Dean wasn't the kind of guy to run from a battle, and he didn't run from the last one. He'd lost it before it began, but he was still Dean Winchester. He did not run.
The weeks coming down to the end had been as hard as the beginning, back when he'd made the deal for Sam's life. Harder, even—he had to keep reminding himself of how it'd been, with Sam lying cold and still on that bed and his own soul already dead inside of him from the guilt, the agony, the sheer emptiness of surviving the brother he'd promised he'd always protect.
Dean hadn't wanted to live the life that waited if Sam wasn't part of it. There was no point in dragging himself through the endless days of misery that were left to him, and he didn't deserve to be there instead of Sam. So he'd offered up to the demon the life and soul that were suddenly worthless to him apart from their value in bargaining for his brother.
It was a good trade. Dean still believed that, even at the end. The fact that he'd had to stare down the closing distance to his fate for an entire year didn't change anything. It had been the right choice. That didn't make it any less painful to live with.
The nights had been the worst, not always but often. Sometimes Dean had lain in the dark, feeling the seconds slipping away like water, becoming part of the rushing stream carrying him toward the end. Other times (so much harder, always the worst) he'd heard the quiet, nearly-suppressed sounds of Sam crying and known he was the cause of it. Sam had tried to keep the burden of his own grief from Dean, and too often Dean had been selfish enough to let him do it.
On his last night, Dean ate his favorite foods (forcing them past the lump in his throat) before driving the Impala through the moonbeam-mirror of back roads with the window cracked open and cool air rushing past his face. Then he stopped at the viewpoint for a canyon (so tempting to drive the car over the edge, but he knew it wouldn't help and Sam was right there beside him) and turned off the engine.
He scanned the heavens, the desert sky so impossibly beautiful at night with its thousands of brilliant stars. Finally, he reached over and pulled Sam down against his shoulder, holding him there and making sure neither of them let go. It wasn't Dean and it wasn't easy, but it was for Sam and all the broken sounds spilling out of him. It was all Dean had left to give.
Ten minutes before midnight, Dean started the car up and headed back toward the last crossroads he'd passed. Driving a quarter mile beyond it, he stopped and turned the keys over to Sam.
"I don't want you following me, Sam. You don't need to see this. It'll only make things harder for both of us.
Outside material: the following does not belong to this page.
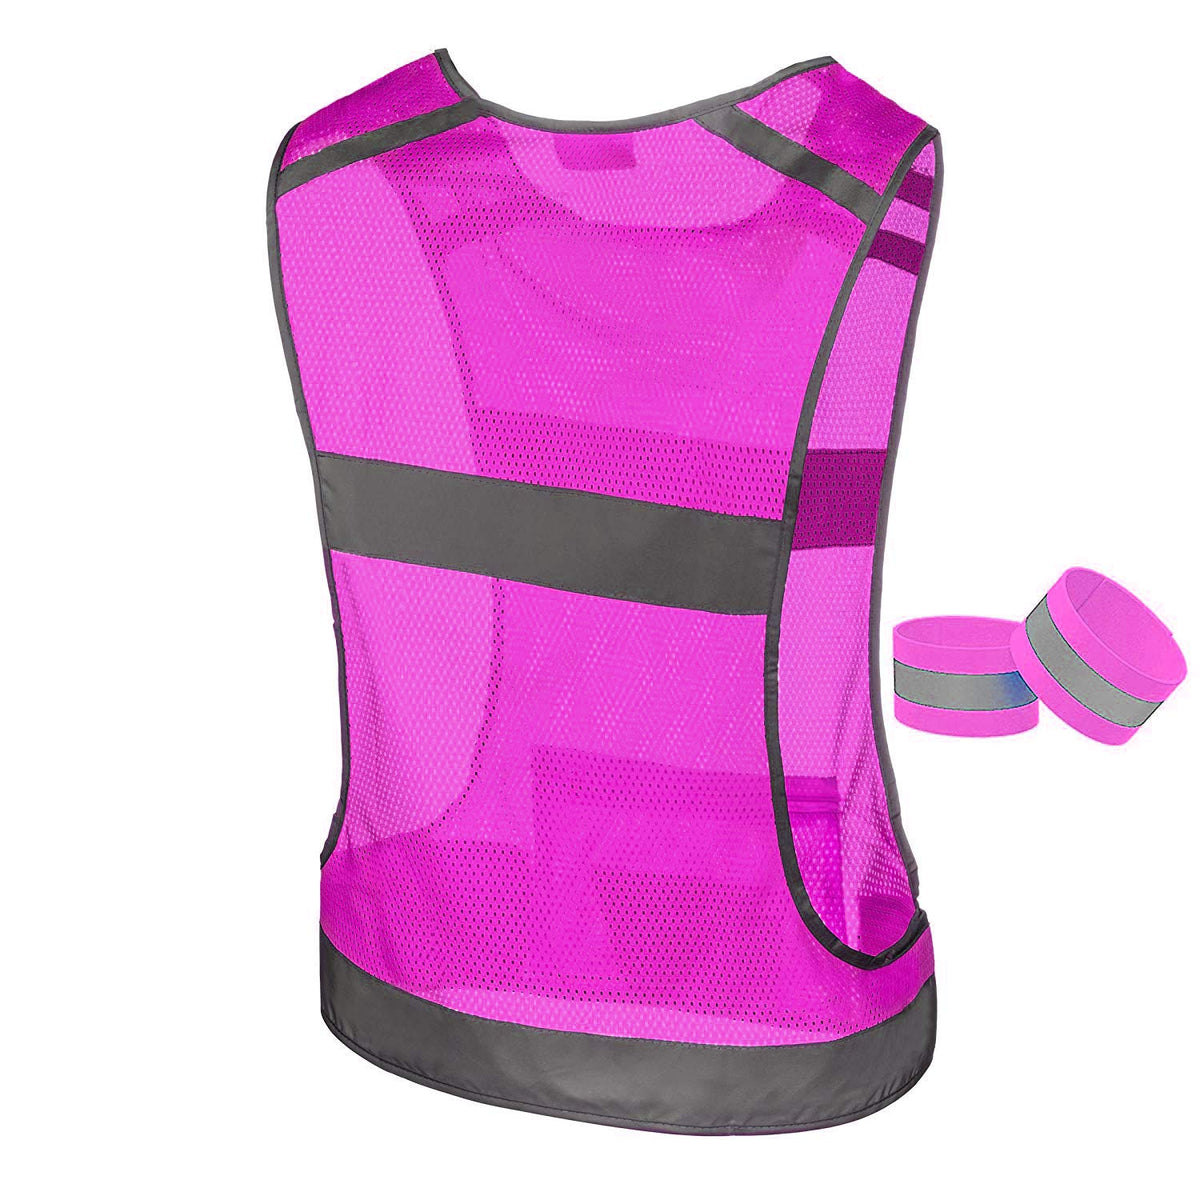 Reflective Running Vest Gear: Sports and Outdoors – www.247viz.com

Then after it's done, you can—" Dean swallowed, knowing how much the words would hurt, "Just promise me you'll burn what's left, all right? Promise. Don't take any chances."
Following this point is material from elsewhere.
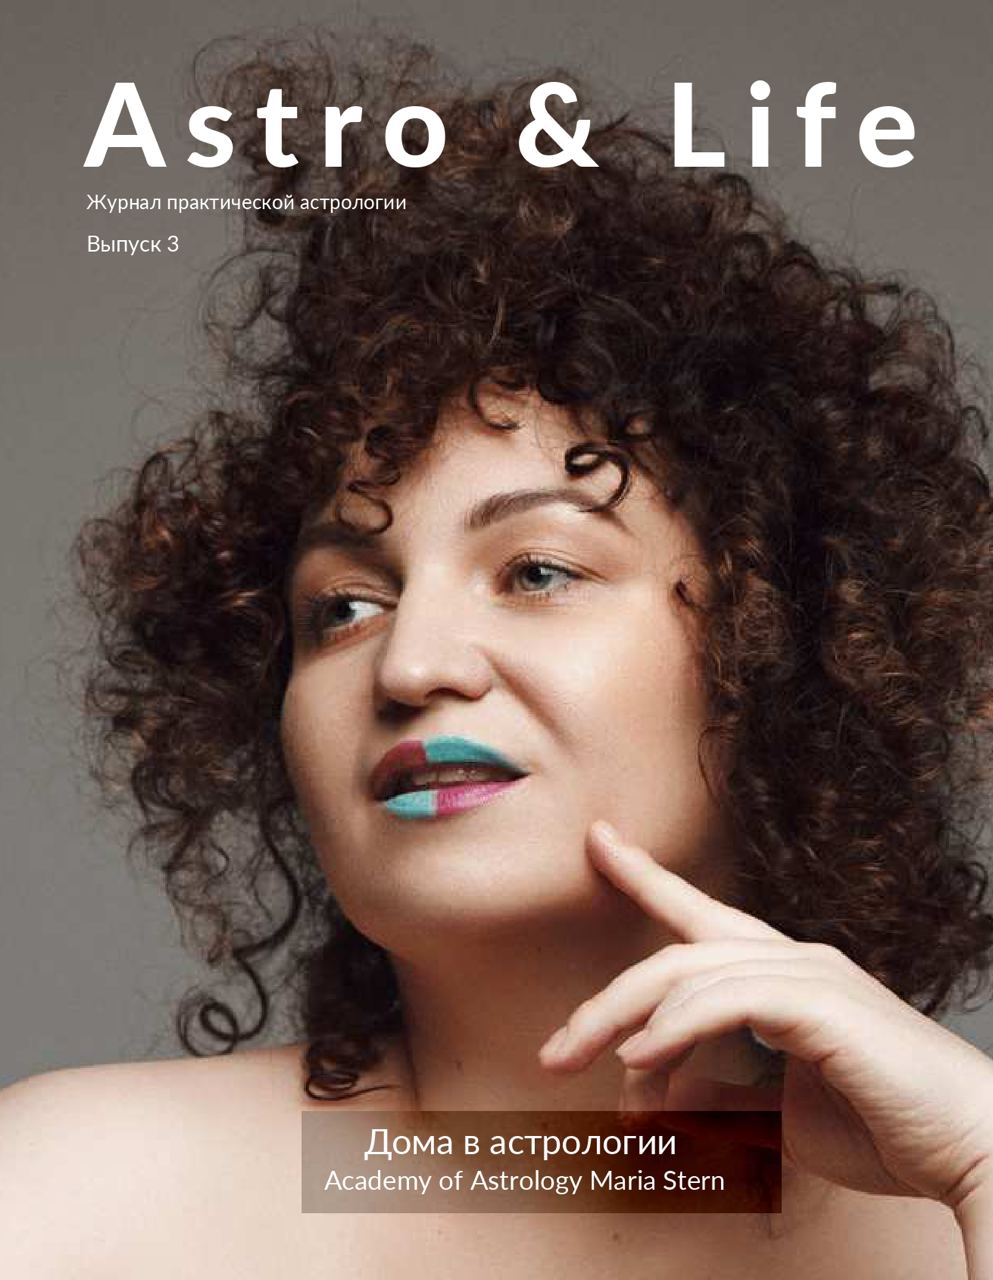 Maria life. Журнал Астро и лайф.

Sam nodded wordlessly, his face already wet and desperate and ruined.
"You're the best of us, Sammy. Don't ever forget that." Dean patted Sam's arm, suddenly drowning in visions of him from the past—baby cheeks and wispy hair, trusting hand clasping his own, stubborn adolescent jaw above stiff shoulders… and the deathly stillness that had brought them to this moment.
He couldn't look at Sam again and still walk away, and so he didn't.
Opening the door, Dean rose from the car and turned toward the horizon. Head held high, legs distant and numb beneath him, he followed the road to its junction.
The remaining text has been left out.